ほら、スーツにさ、猫の毛がついているのを見られて。

……シロの写真を見せたらデレデレで、話が弾んだ」


「……見た目だけなら、可愛いですからね、その猫。

しかし、あんなに気を付けて取ったのに、猫の毛って、しつこいですね。

今度外出の時は、服ごと替えるべきです。

今回は上手くいきましたが、猫嫌いや犬好き、アレルギー持ちの人もいますから」


 シロの毛は、その名の通り白いから、暗い色のスーツだと、ひどく目立つのだ。

 牧田の指摘に頷き、猫の毛に汚染されていない、マンションの方のクローゼットから何着かスーツを持ってくるようにお願いした。
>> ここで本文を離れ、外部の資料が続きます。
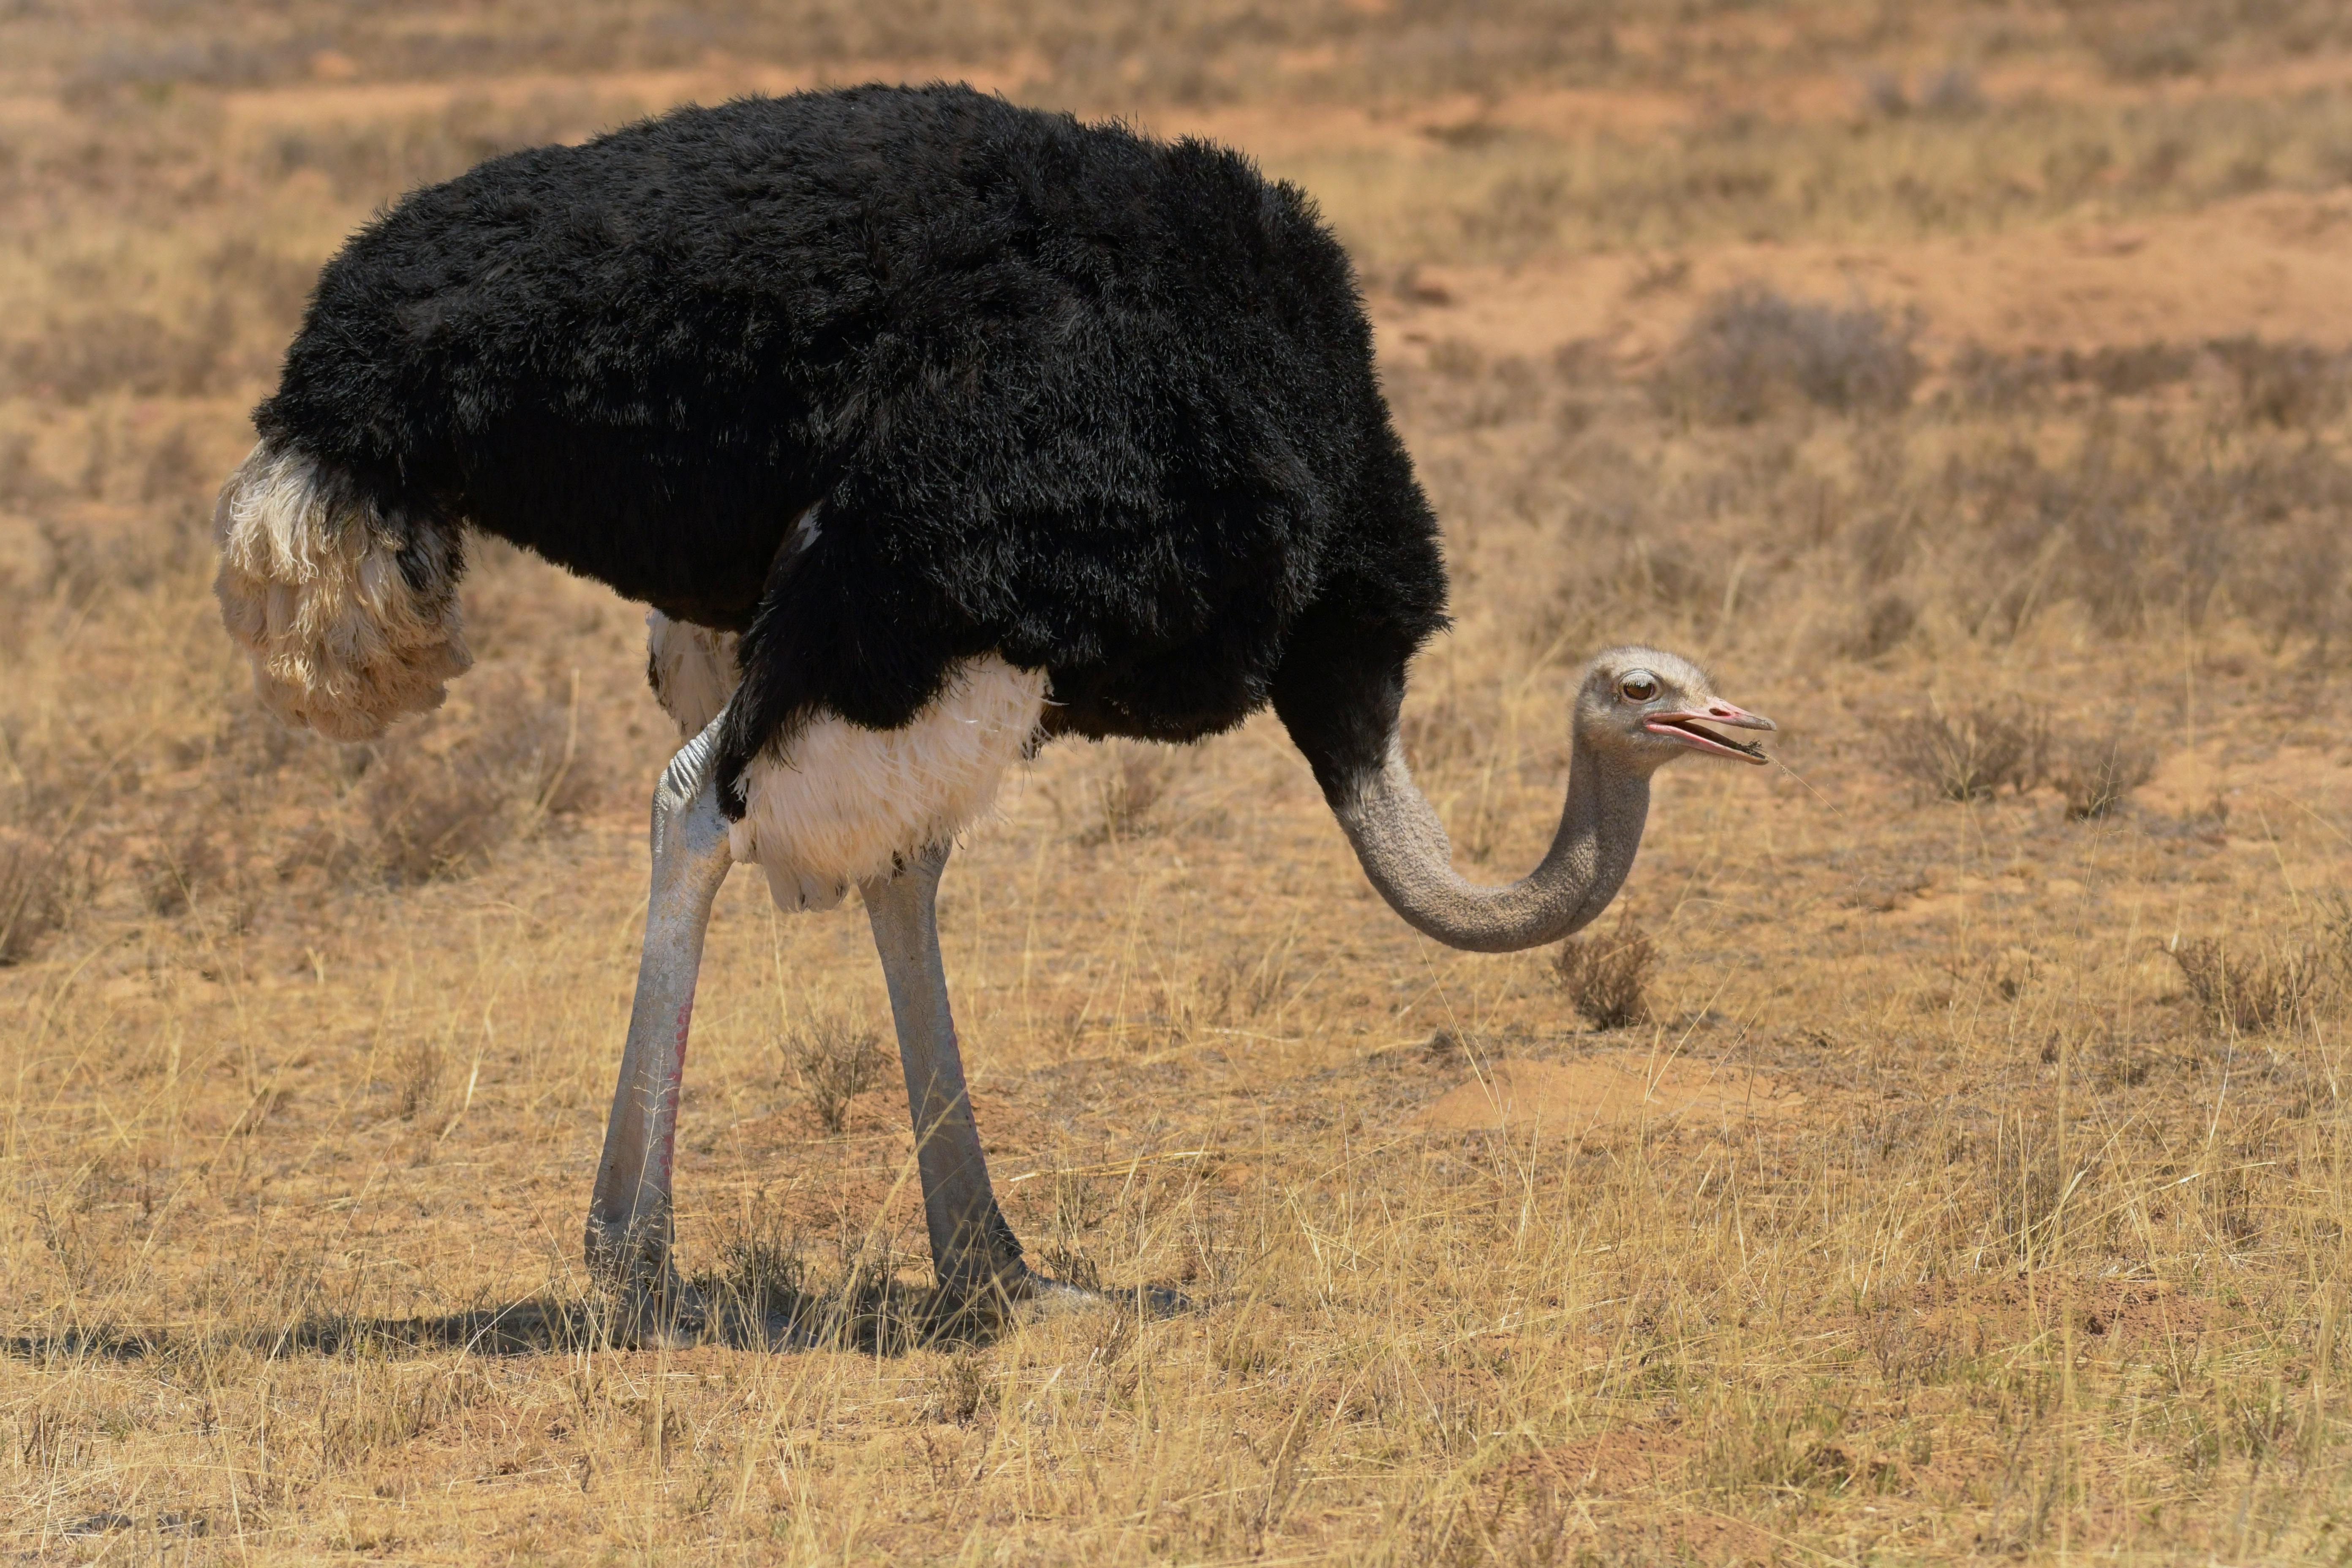 Cute Cartoon Ostrich Wallpaper Background Wallpaper Image For Free Download   Pngtree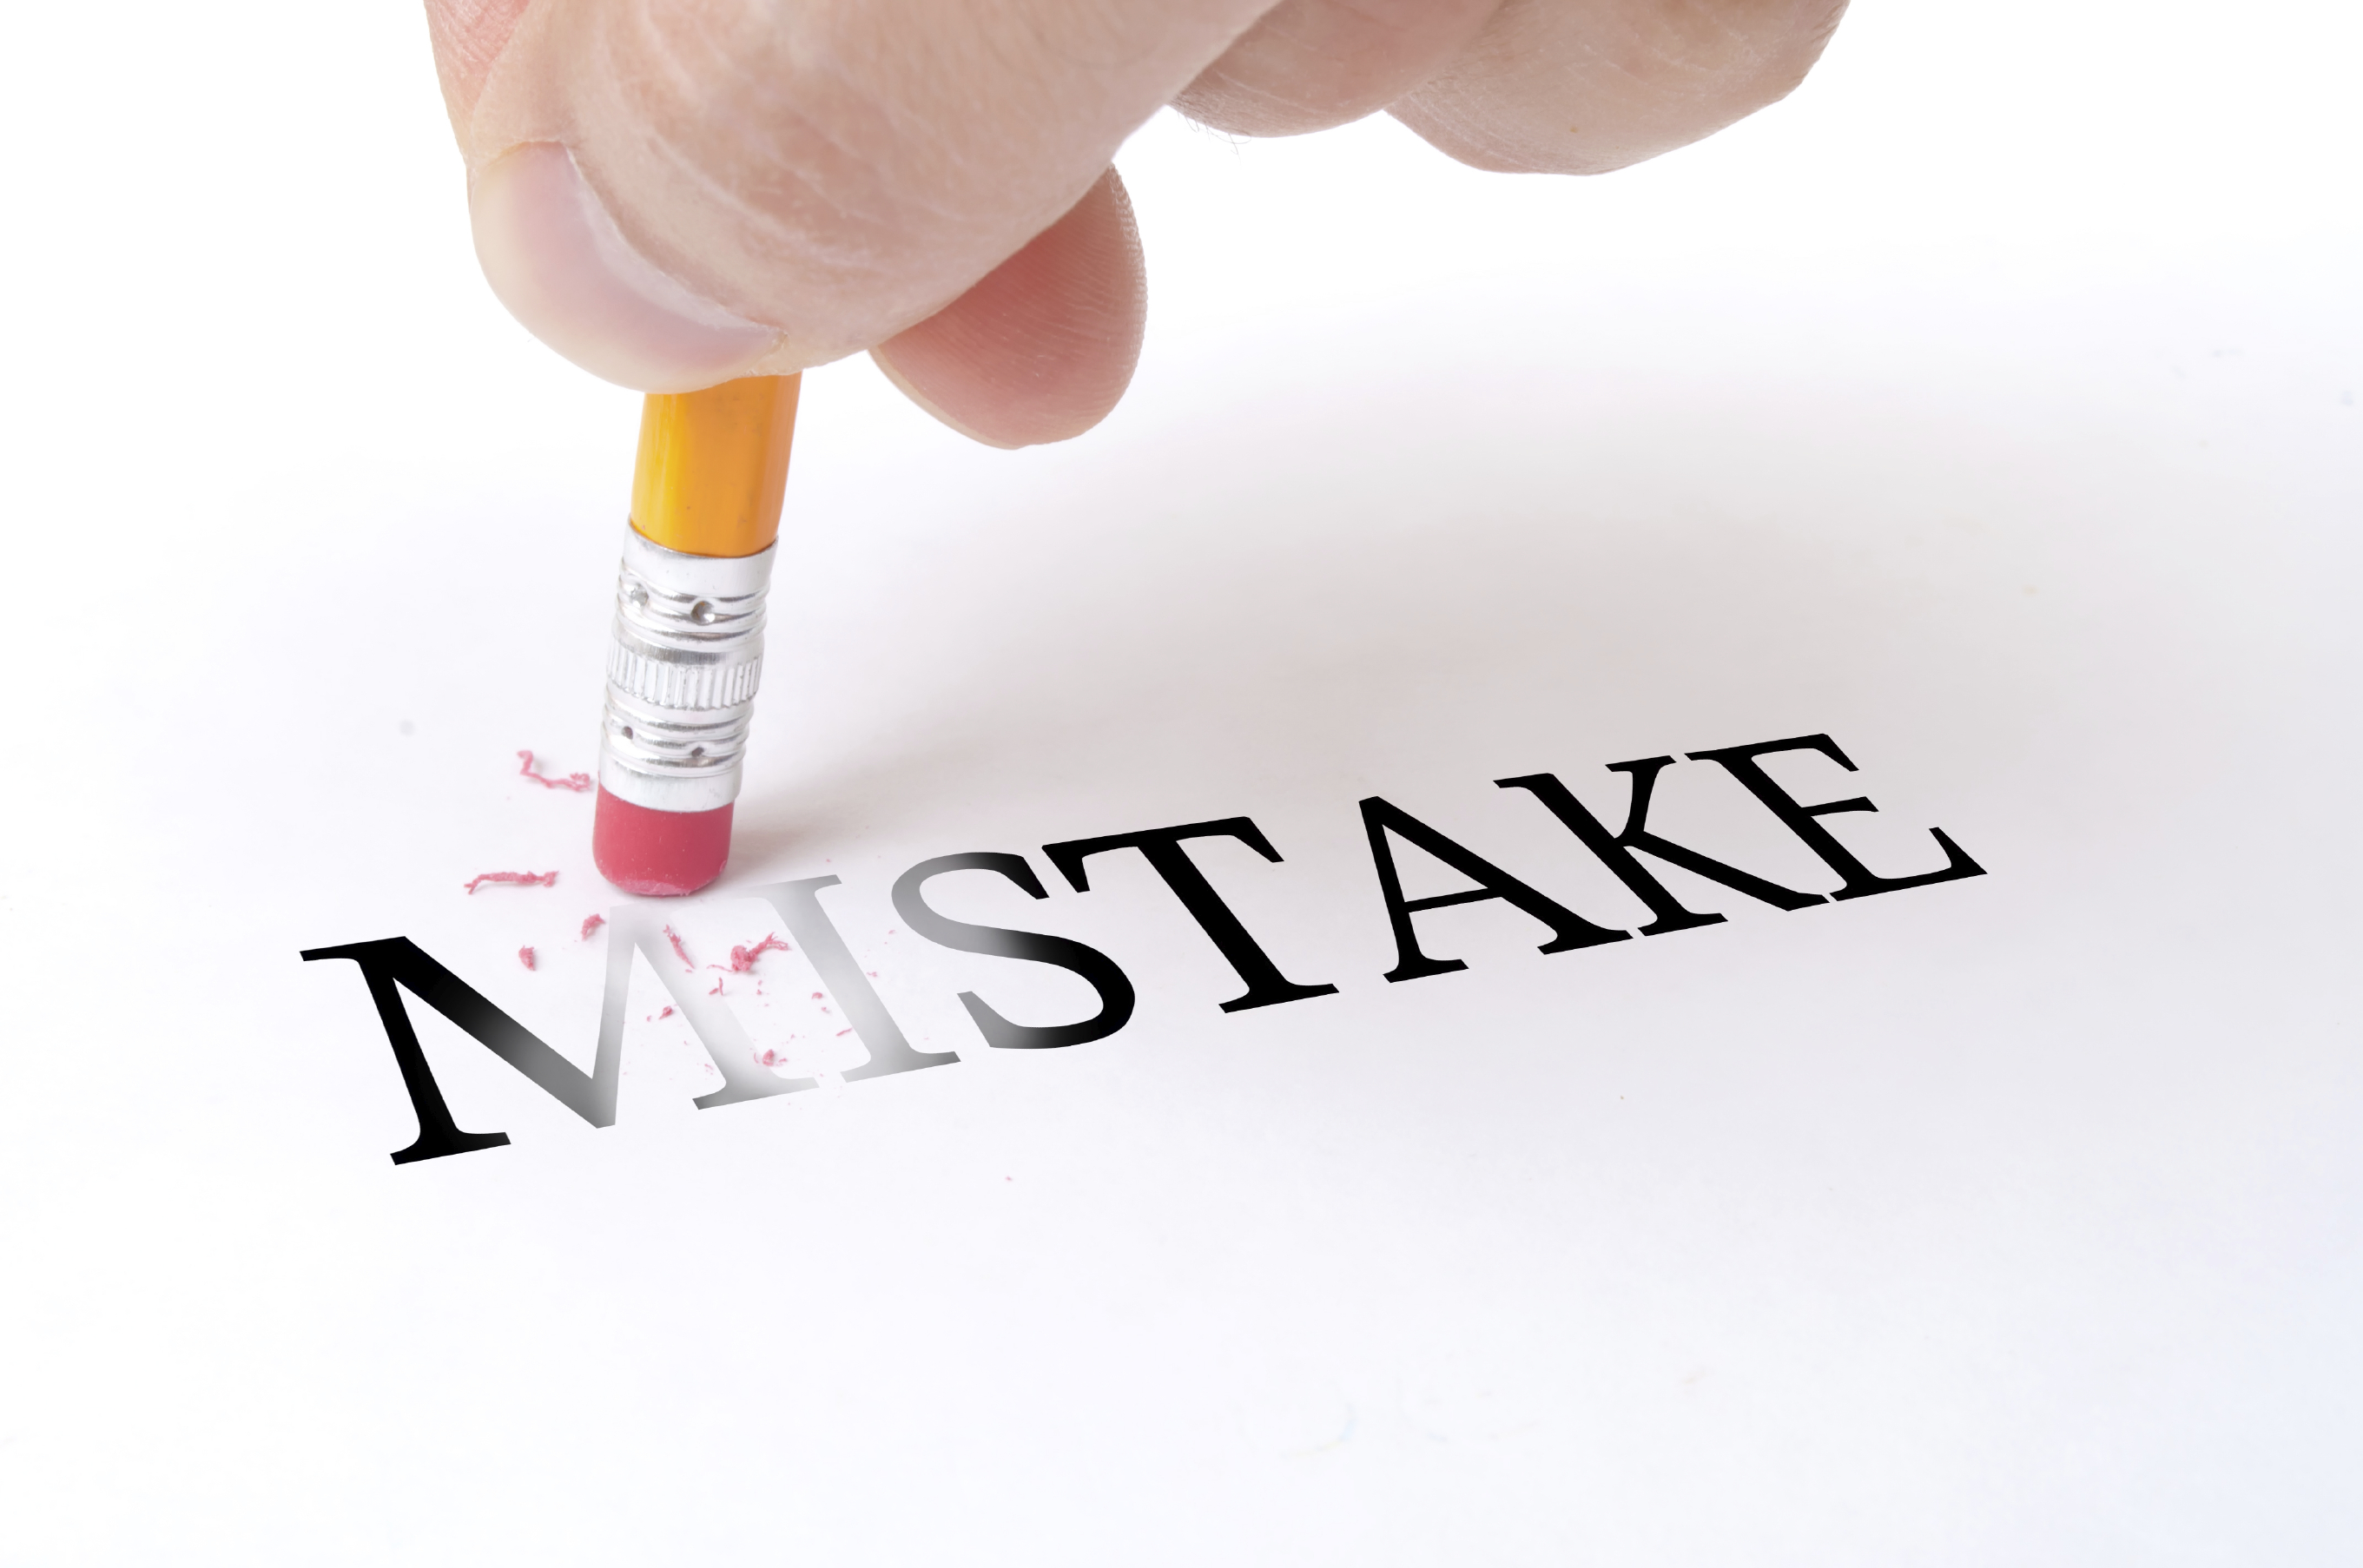 5 Big Mistakes Your Affiliate Business Should Avoid

 猫が来て以来、ずっと小野寺邸で暮らしている。双子たちがシロは自分たちの猫だと主張し、毎日、帰ってくることを要求しているからだ。

 あの二人には、そろそろ我慢とか忍耐を教えるべきだと思う。

 それからこの子猫にも。

 可愛いからって、何をやってもいいとは限らない。

 大体、俺の真白ちゃんはそれはそれは可愛いらしいのに、慎み深くて、我儘なんてたまにしか言わないぞ。

 真白ちゃんだったら、いくら我儘を言っても許せるし、どんなことでも叶えてあげるのに。


 そんなことを思っていたら、牧田に真白ちゃんのことを聞かれた。


「そう言えば、人間の方のシロちゃんはどうしたんですか? 最近見ませんが……はっ! まさか喧嘩別れ」


「違う!!

ってか、人間の方のシロちゃんってなんだよ」


「いや〜、この可愛さ、愛くるしさは真白ちゃんに通じるものがあるかな、と」


「はぁああああ? 真白ちゃんの方が可愛いに決まってるだろ!

第一、こんなに我儘じゃな……っ痛!」


 初めてシロから顎に猫パンチを食らった。


「ほら、怒ってますよ。シロちゃんは賢い子ですね〜……イタっ」


 牧田も引っかかれた。


「ご機嫌斜めか? シロ?」


『なぁん……にゃっ!』


「真白ちゃんは、インフルエンザで隔離中だ」


 猫の頭を撫でながら、牧田に説明した。

 そうしておかないと、また何を誤解されるか分かったものじゃない。


「うわぁ、それは大変ですね」


「熱は下がったらしいから、あと二日、家で辛抱していれば、外に出られるはずだよ」


「そうですか。では、今年の小野寺のクリスマスパーティーには出席出来ますね。

みなさん、社長の婚約者に会えるの、楽しみにしていますよ」


「そうか、もうそんな季節か」


「あなたのカフェ、クリスマスフェアやってるんですけどね。

……真白ちゃんへのクリスマスプレゼント、用意するの忘れないで下さいよ」


「そういうお前は、小巻ちゃんに何か用意したのか?」


牧田の高校以来の彼女の名前を出す。


「当然でしょ。では」


 『彼氏』としては先輩の親友に釘を刺されたので、空き時間を見つけてプレゼントを用意させてもらうことにした。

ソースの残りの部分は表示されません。